А перед всем обществом? Перед страной? Перед миллионами погибших и замученных, перед теми, кого коммунисты, в том числе пострадавшие от собственной партии, "благонамеренные" узники ГУЛАГа, честно и откровенно считали "врагами", которых необходимо без всякой жалости уничтожить? Разве перед этими миллионами "контрреволюционеров", бывших дворян, священников, "буржуазных интеллигентов", "диверсантов и вредителей", "кулаков" и "подкулачников", верующих, представителей депортированных народов, националистов и "безродных космополитов", - разве перед всеми ими, исчезнувшими в бездонном чреве ГУЛАГа они, устремленные на создание "нового" общества и уничтожение "старого", неповинны?

Сама идея лагерей, этого орудия "перековки" человека, рождалась ли она в головах теоретиков "военного коммунизма" - Ленина и Троцкого, Дзержинского и Сталина, не говоря уже о практических организаторах Архипелага - Ягоды, Ежова, Берия, Френкеля и др.

"Когда же стройная эта теория опускалась на лагерную землю, выходило вот что: самым заядлым, матерым блатникам передавались безотчетная власть на островах Архипелага, на лагучастках и лагпунктах, - власть над населением своей страны, над крестьянами, мещанами и интеллигенцией, власть, которой они не имели в истории, никогда ни в одном государстве, о которой на воле и помыслить не могли, - а теперь отдавали им всех прочих людей как рабов. Какой же бандит откажется от такой власти?.." .
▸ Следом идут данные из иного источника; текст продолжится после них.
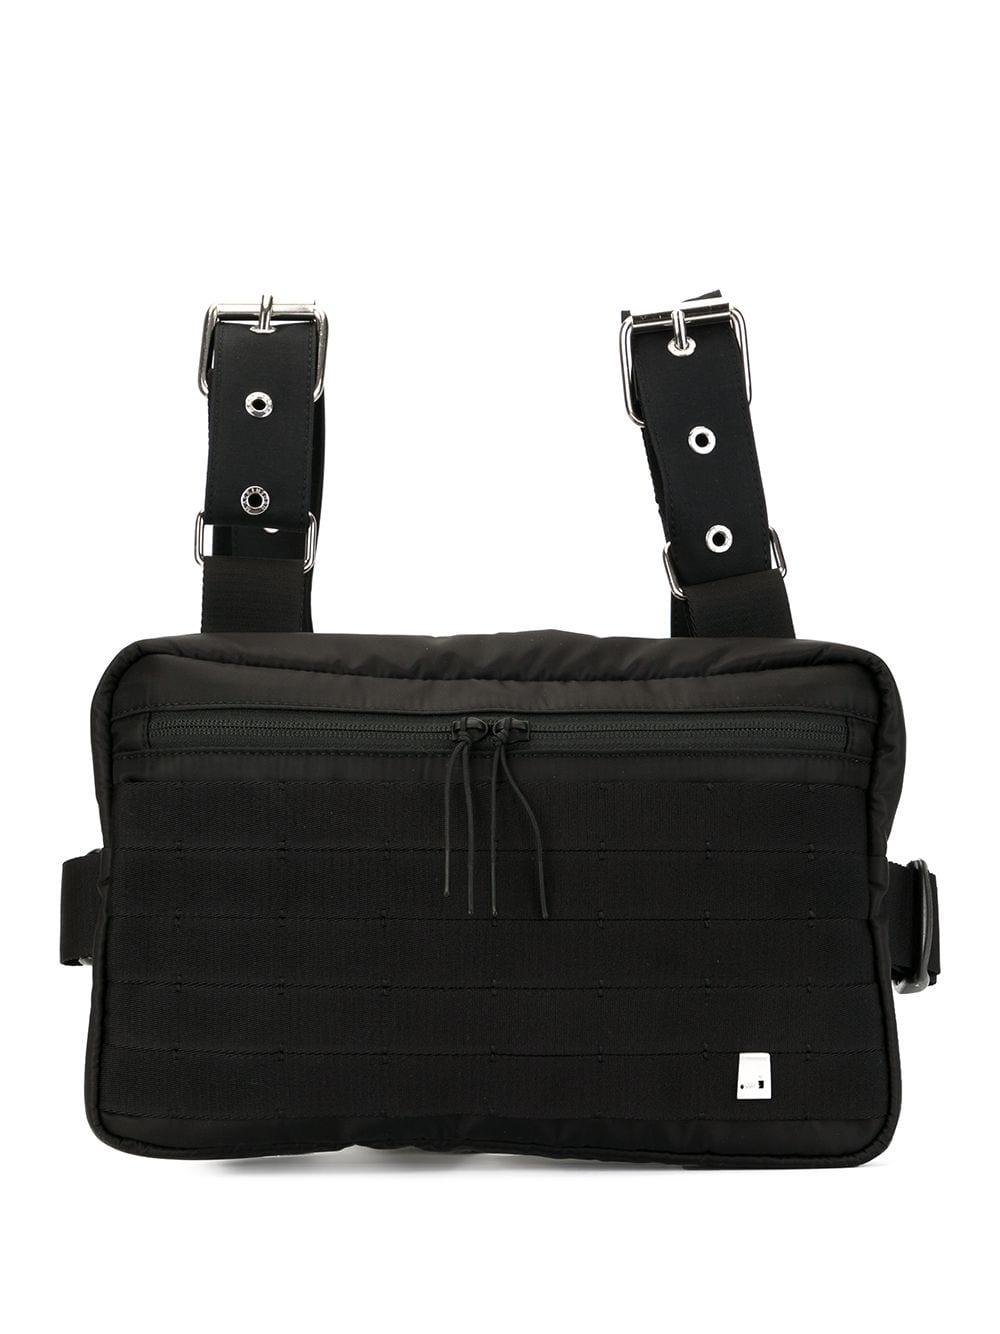 1017 ALYX 9SM Zipped Belt Bag in Black - Lyst

Кто же противостоит в книге Солженицына "Архипелаг ГУЛАГ” чекистам и уркам, благонамеренным" и "слабакам", теоретикам и певцам "перевоспитания" людей в зэков? Всем им противостоит у Солженицына интеллигенция. "С годами мне пришлось задумываться над этим словом - интеллигенция. Мы все очень любим относить себя, к ней - а ведь не все относимся. В Советском Союзе это слово приобрело совершенно извращенный смысл. К интеллигенции стали относить всех, кто не работает (и боится работать) руками. Сюда попали все партийные, государственные, военные и профсоюзные бюрократы..." - перечисляемый список длинен и тосклив. "А между тем ни по одному из этих признаков человек не может быть зачислен в интеллигенцию. Если мы не хотим потерять это понятие, мы не должны его разменивать. Интеллигент не определяется профессиональной принадлежностью и родом занятий. Хорошее воспитание и хорошая семья тоже еще не обязательно выращивают интеллигента. Интеллигент - это тот, чьи интересы и воля к духовной стороне жизни настойчивы и постоянны, не понуждаемы внешними обстоятельствами и даже вопреки им. Интеллигент это тот, чья мысль не подражательна" .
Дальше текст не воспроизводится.